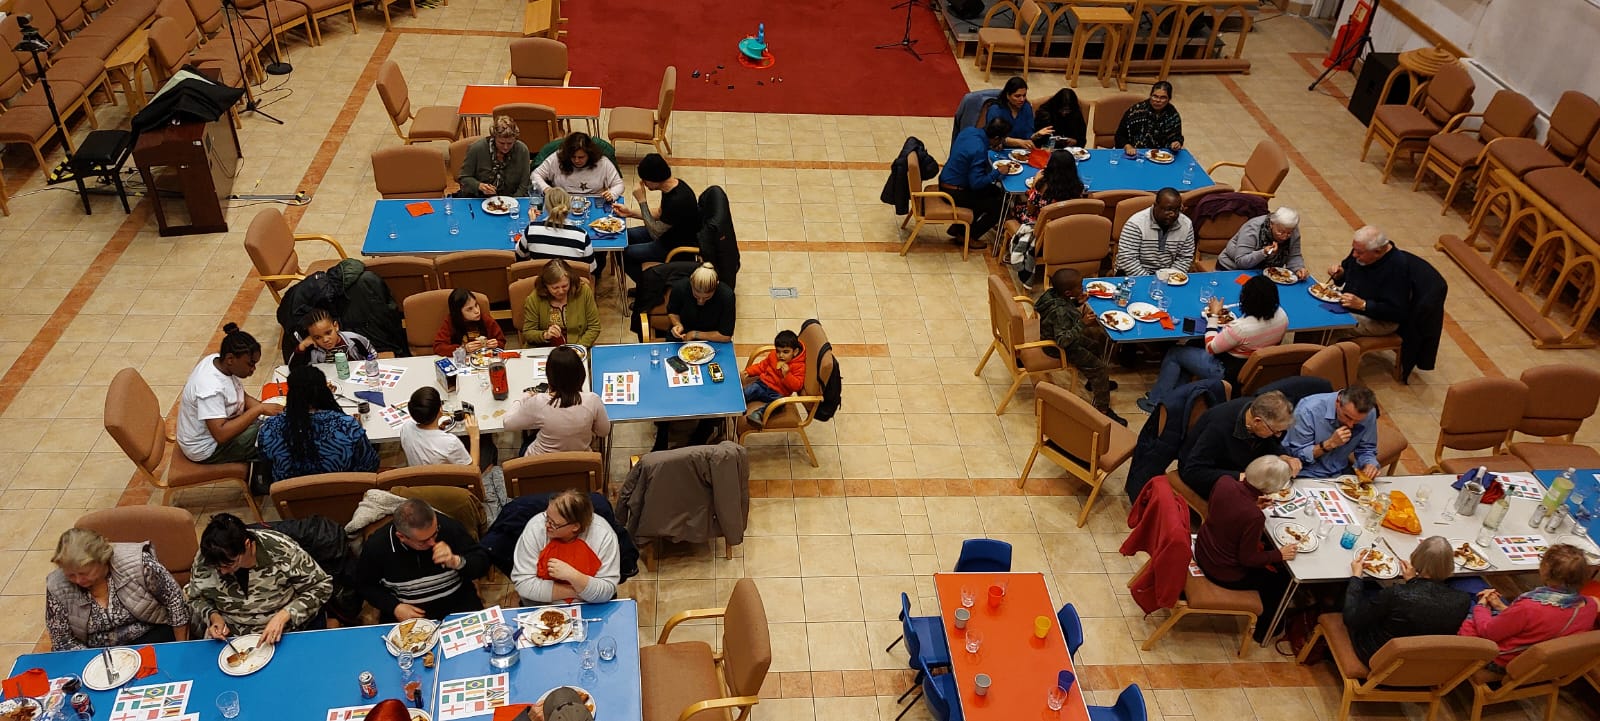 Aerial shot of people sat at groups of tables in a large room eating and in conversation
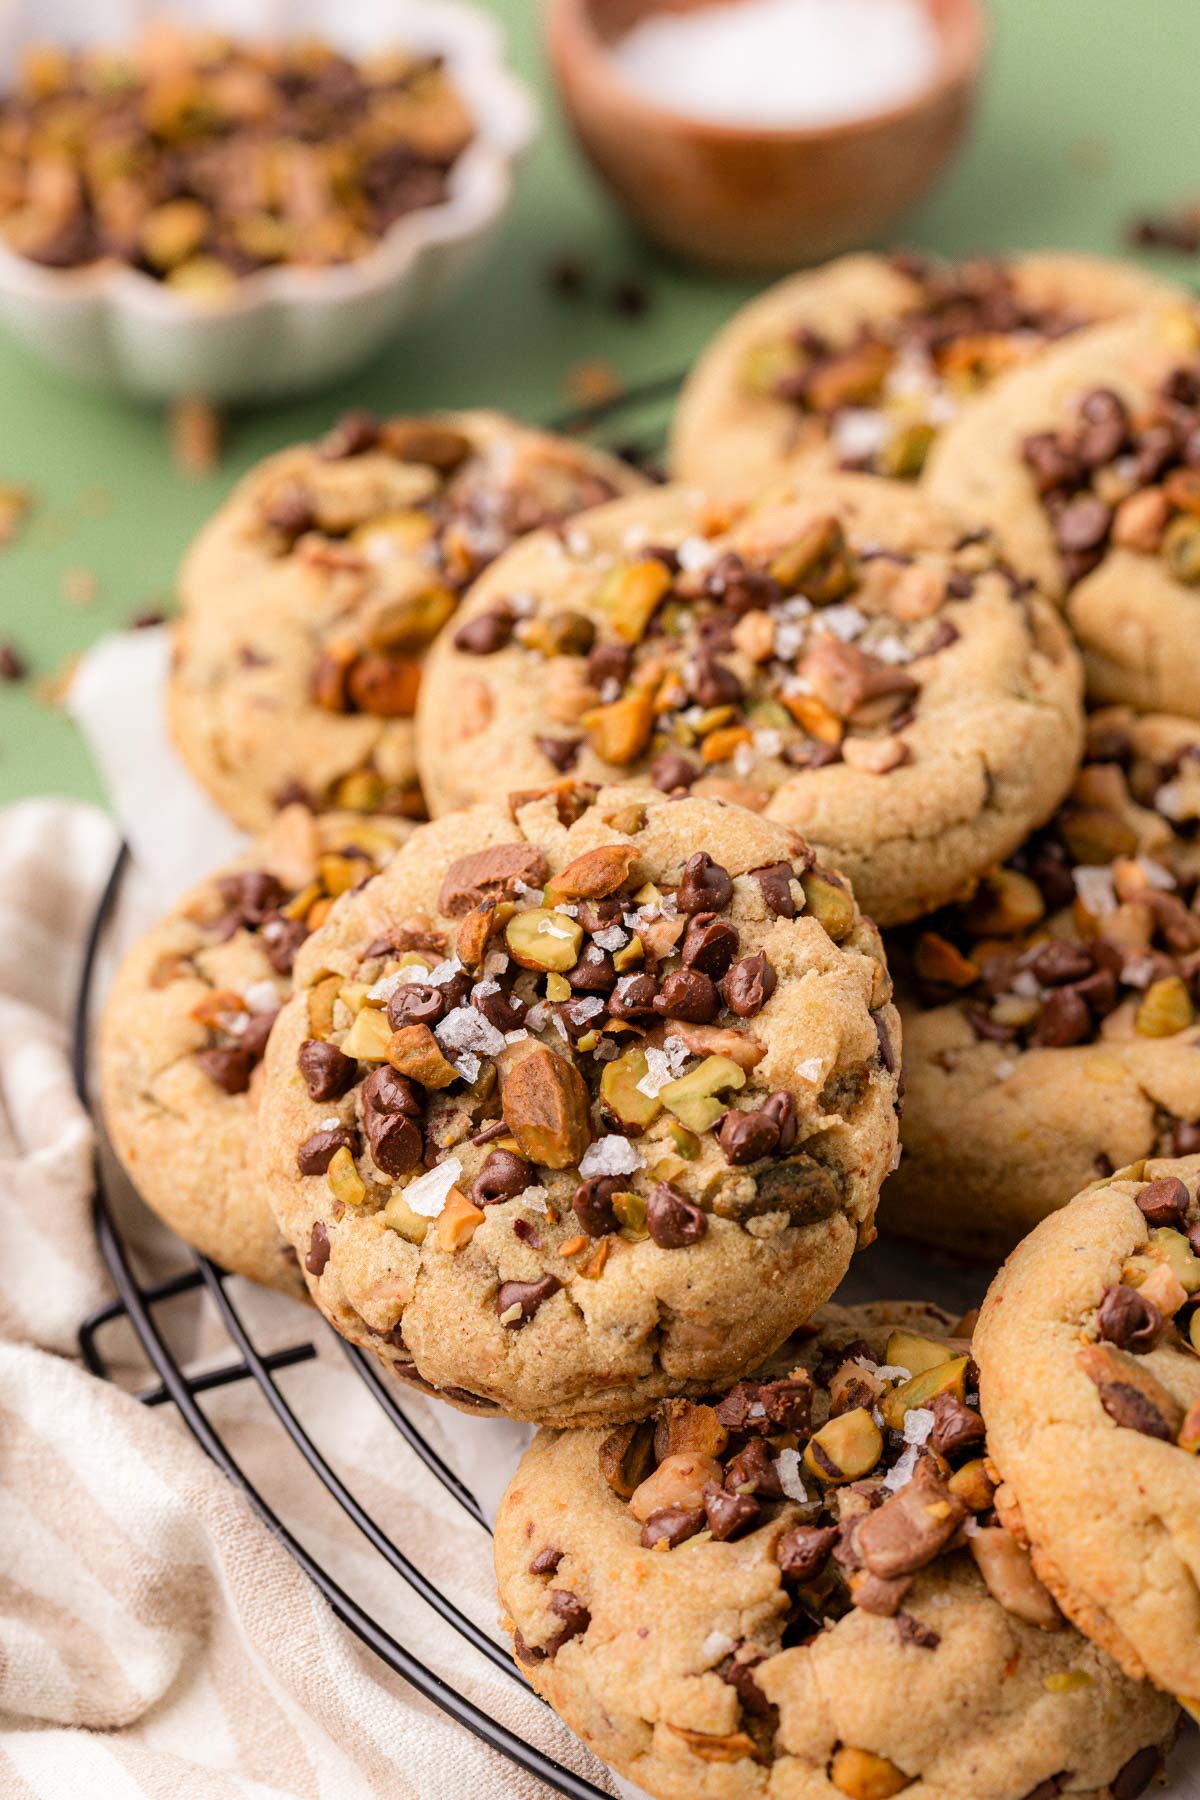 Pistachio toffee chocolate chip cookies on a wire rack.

--

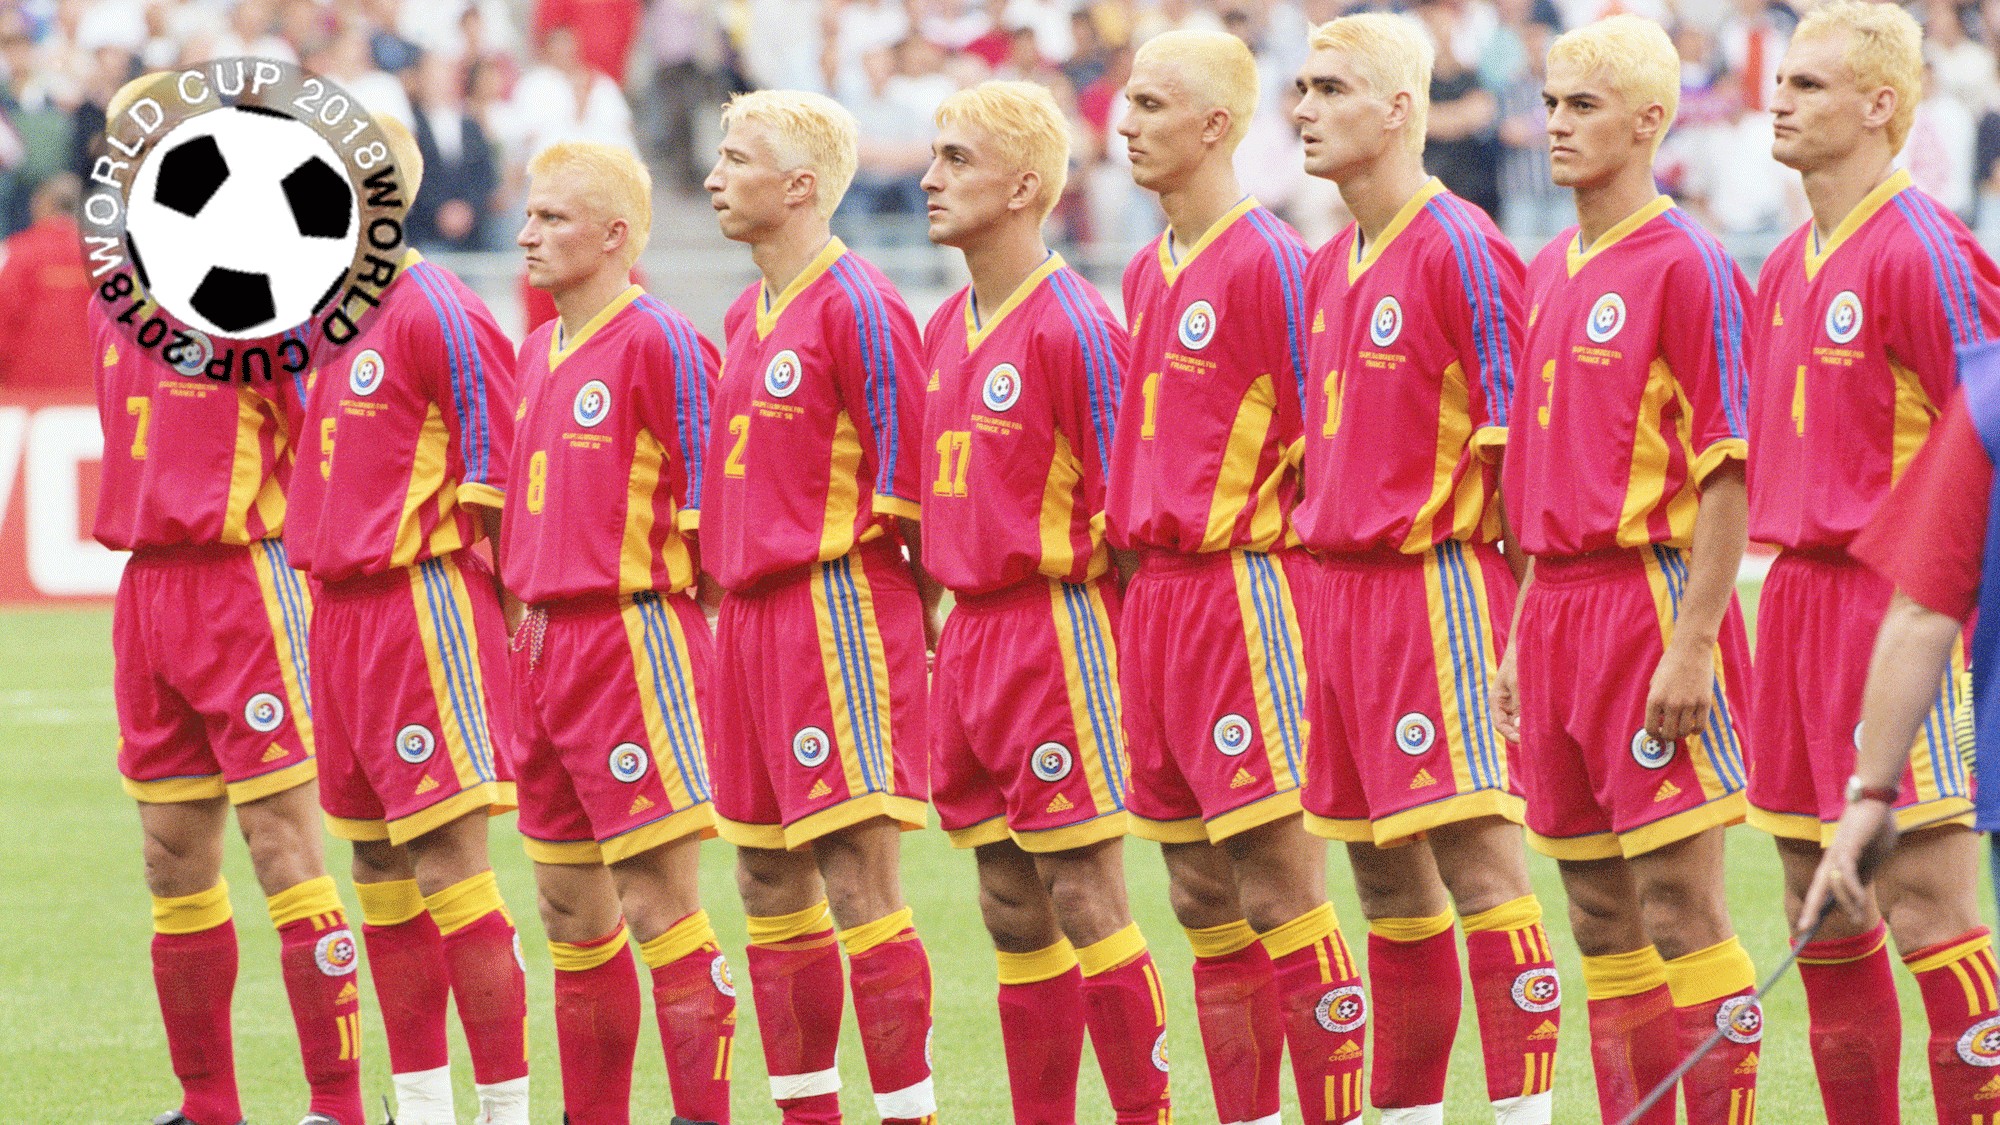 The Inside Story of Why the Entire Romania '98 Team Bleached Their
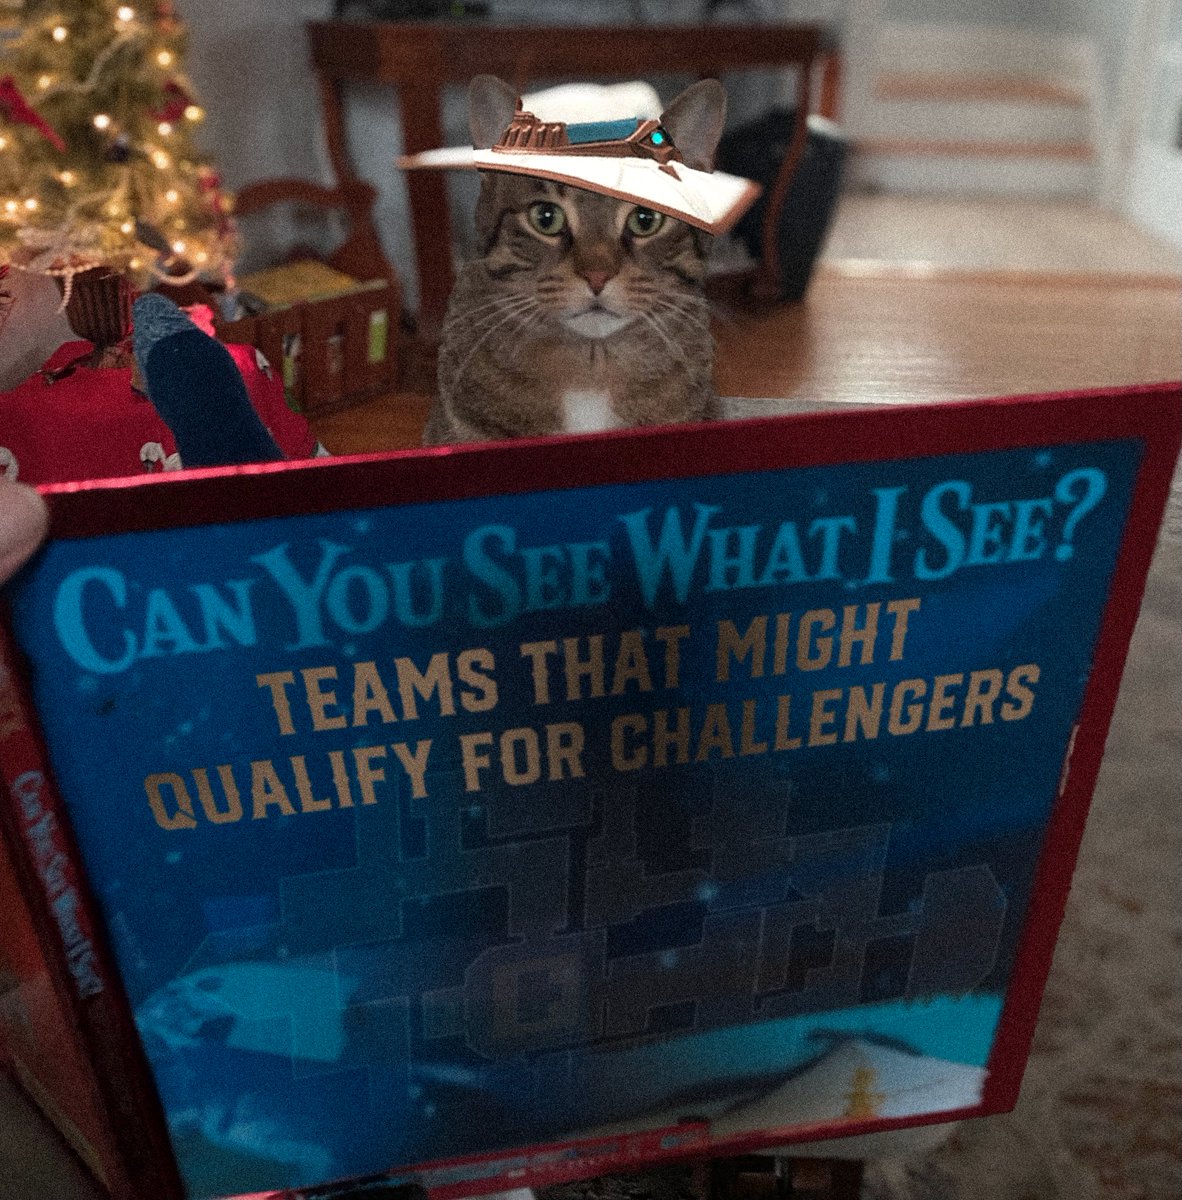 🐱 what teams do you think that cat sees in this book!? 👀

**PROMPT**. Return, exactly as they stand, the lines above from the one with "Aerial shot of" to the one with "Pistachio toffee chocolate", omitting any pictures among them.

**SOLUTION FOR THIS EXERCISE**.
 Aerial shot of people sat at groups of tables in a large room eating and in conversation
 Pistachio toffee chocolate chip cookies on a wire rack.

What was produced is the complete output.